Should you take Guitar Grades?

Are they worth the money? Are they useful? What are the benefits? I'm going to answer these questions from my experience as a practicing Musician & Guitarist. Of course it all depends on the individual and what their aims are with their instrument, so before you make any decision about how you should be spending your practice time and your money, you should figure out these things:

What are my short term goals?

What are my long term goals?

What kind of styles do you enjoy most?

Firstly let's get the pro's and con's for getting the actual qualification out of the way, there are a number of boards and each of them is supposed to carry the same weight, they are worth UCAS points, should you be going to university they will count towards getting in (grade 6 onwards). Aside from the UCAS points they are in my opinion a great qualification to have even if you don't work in the music industry, they prove that you have patience, persistence and commitment. The only downsides to taking grades is that they are fairly expensive at higher levels and can take a lot of time to prepare for.

Which Exam Board is best?

If you're more of a serious player, would like to take your playing or knowledge to the next level and feel like you would benefit from taking guitar grades then you need to decide which board to go with. There are a number different exam boards you can take for grades in electric & acoustic guitar, including classical style, steel string, and plectrum for electric guitar. The most widely recognised of these are:

  • Trinity College London

  • RGT - Registry of Guitar Tutors


  • RSL - Rockschool

Although they all carry the same weight, each board has its differences and specialities, so rather than 'best', you should consider which exam board is 'right' for you. This also goes for difficulty, each board will have relatively the same difficulty as many of them work together to ensure this, for example- if you mainly specialist in rock music for the electric guitar, then RSL's Rockschool will probably be easier than the RGT exam.

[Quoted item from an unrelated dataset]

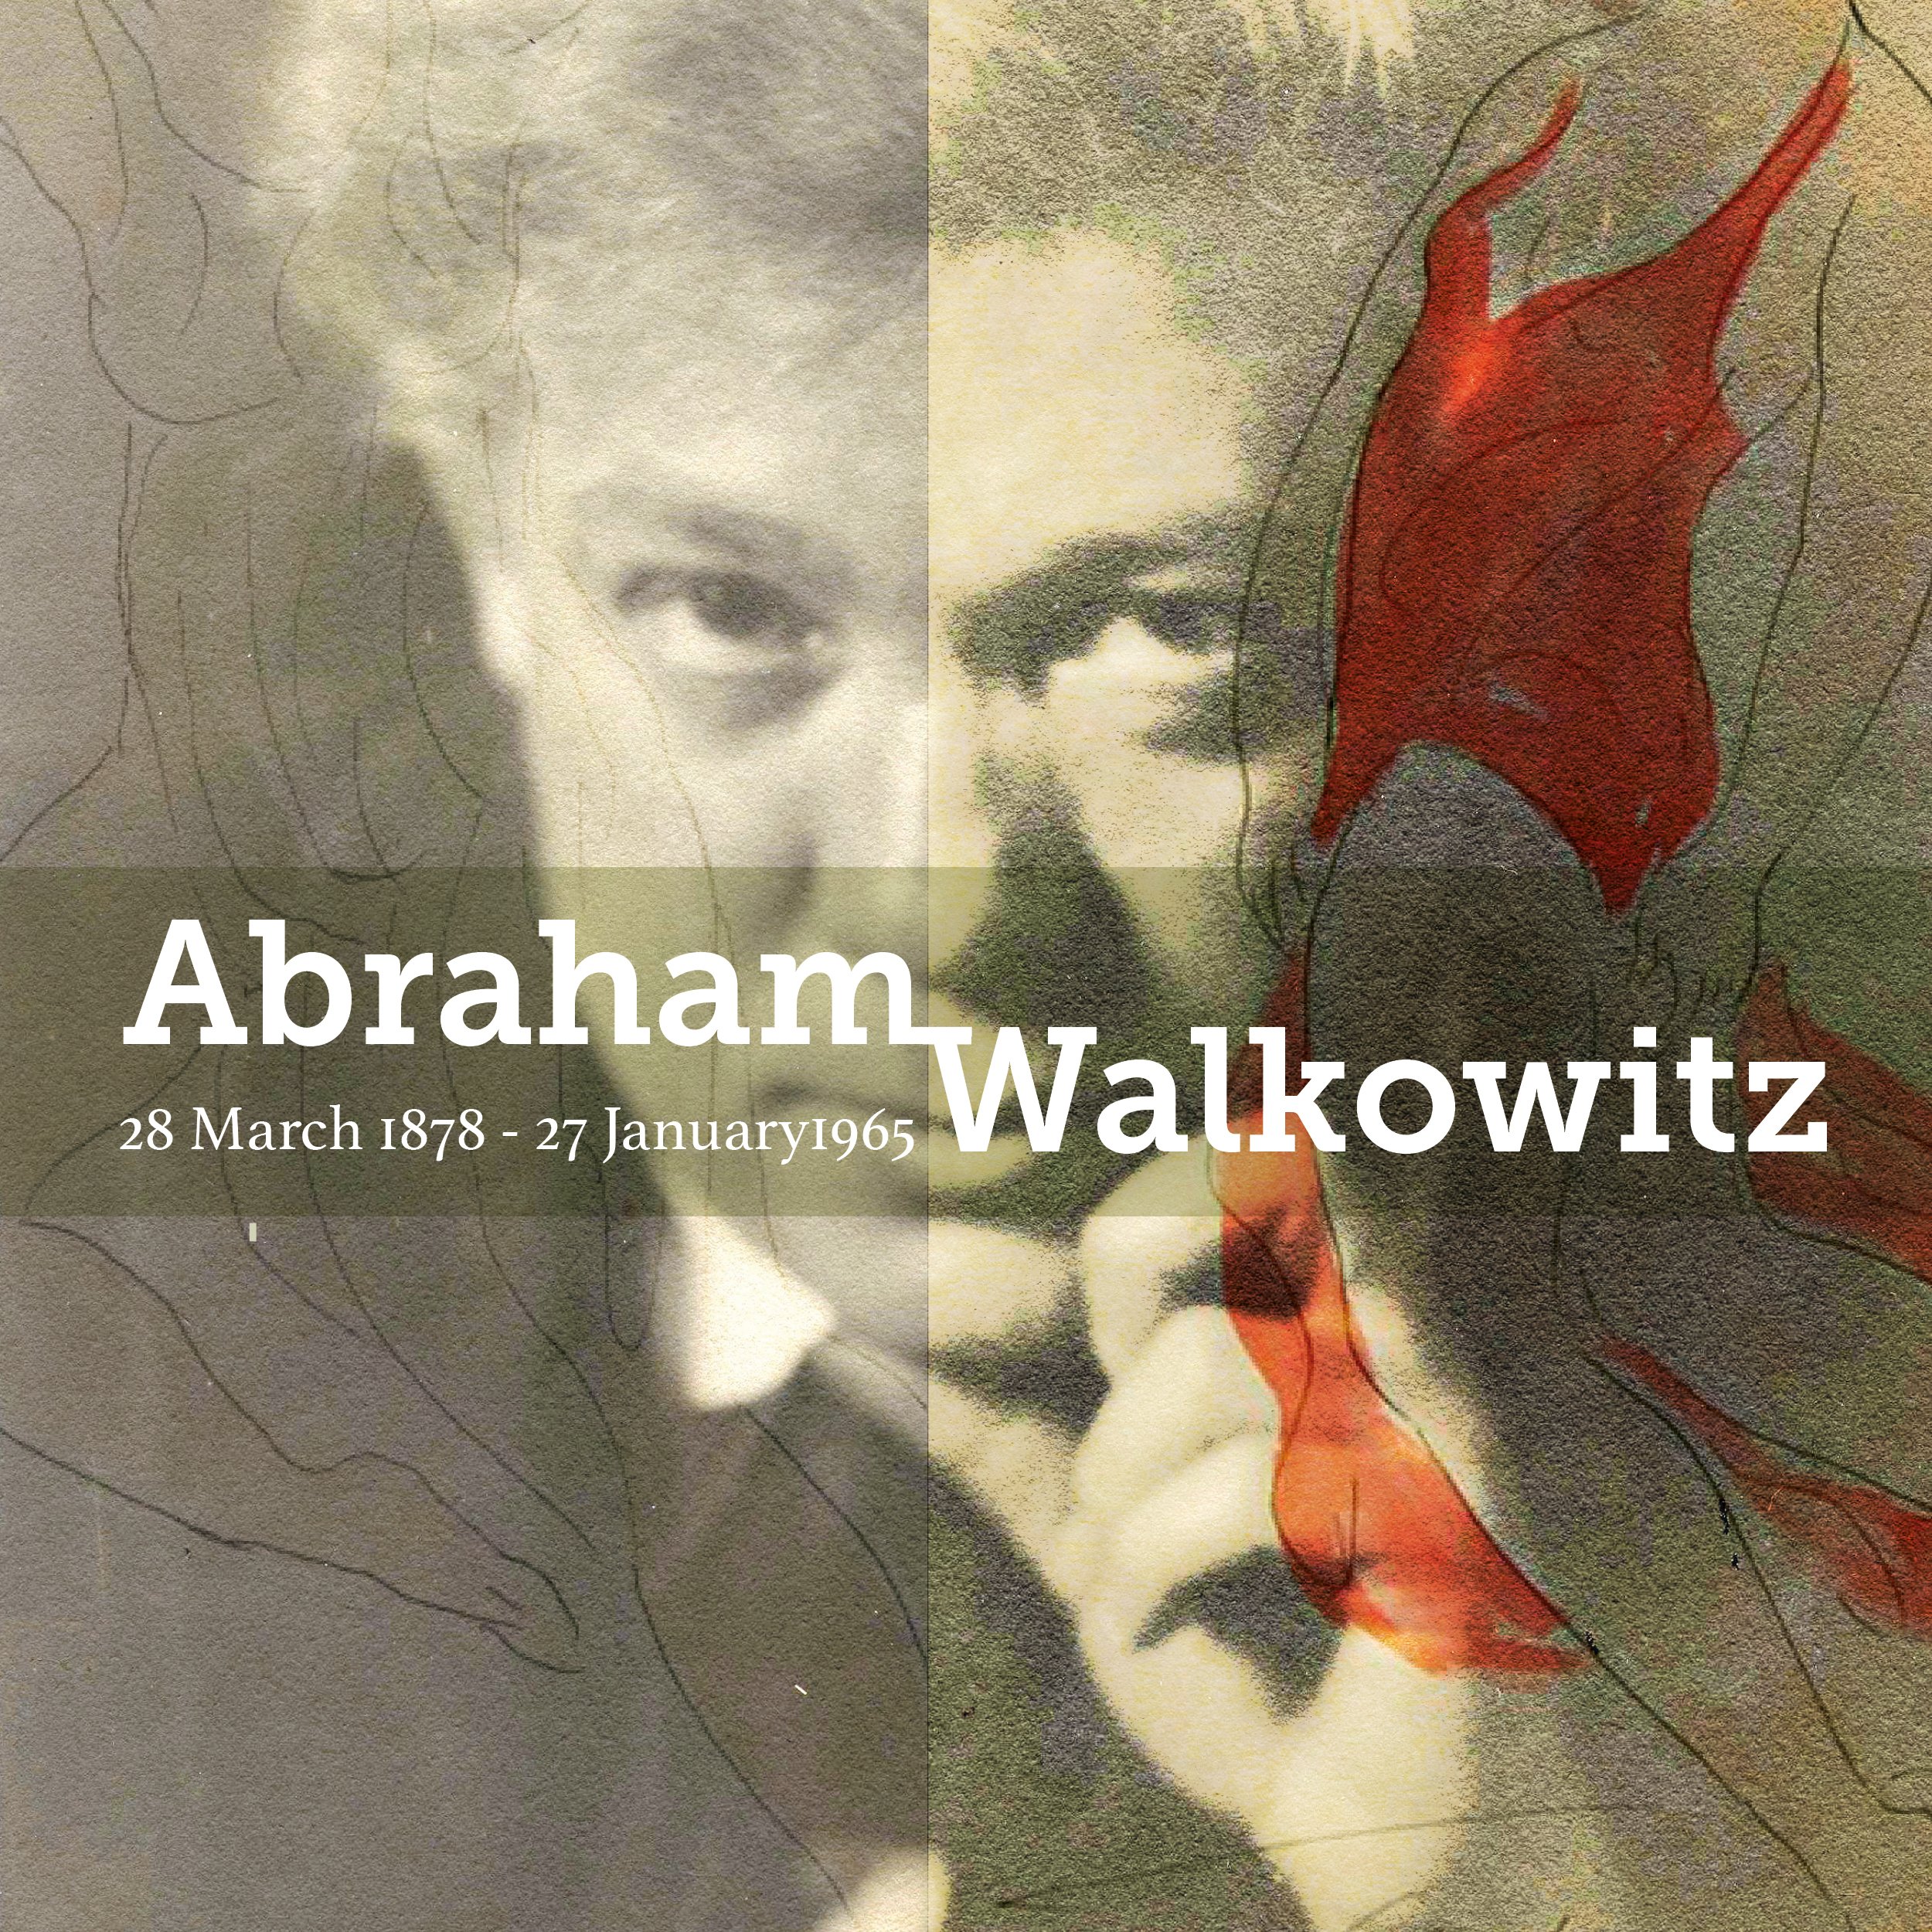 Abraham-Walkowitz E1.jpg

The Trinity exam has more of an emphasis on improvisation and uses mainly classical pieces, you have the option to take the classical or plectrum exam. They tend to offer more of a freedom of choice allowing you to play to your strengths. I've found that RGT tends to focus more on chord & scale knowledge, and improvisation, offering exams in electric, acoustic and classical guitar across a wide range of styles including classical, rock, acoustic and jazz. I've found this is an excellent option for budding jazz guitarists looking to gain in depth knowledge of guitar theory.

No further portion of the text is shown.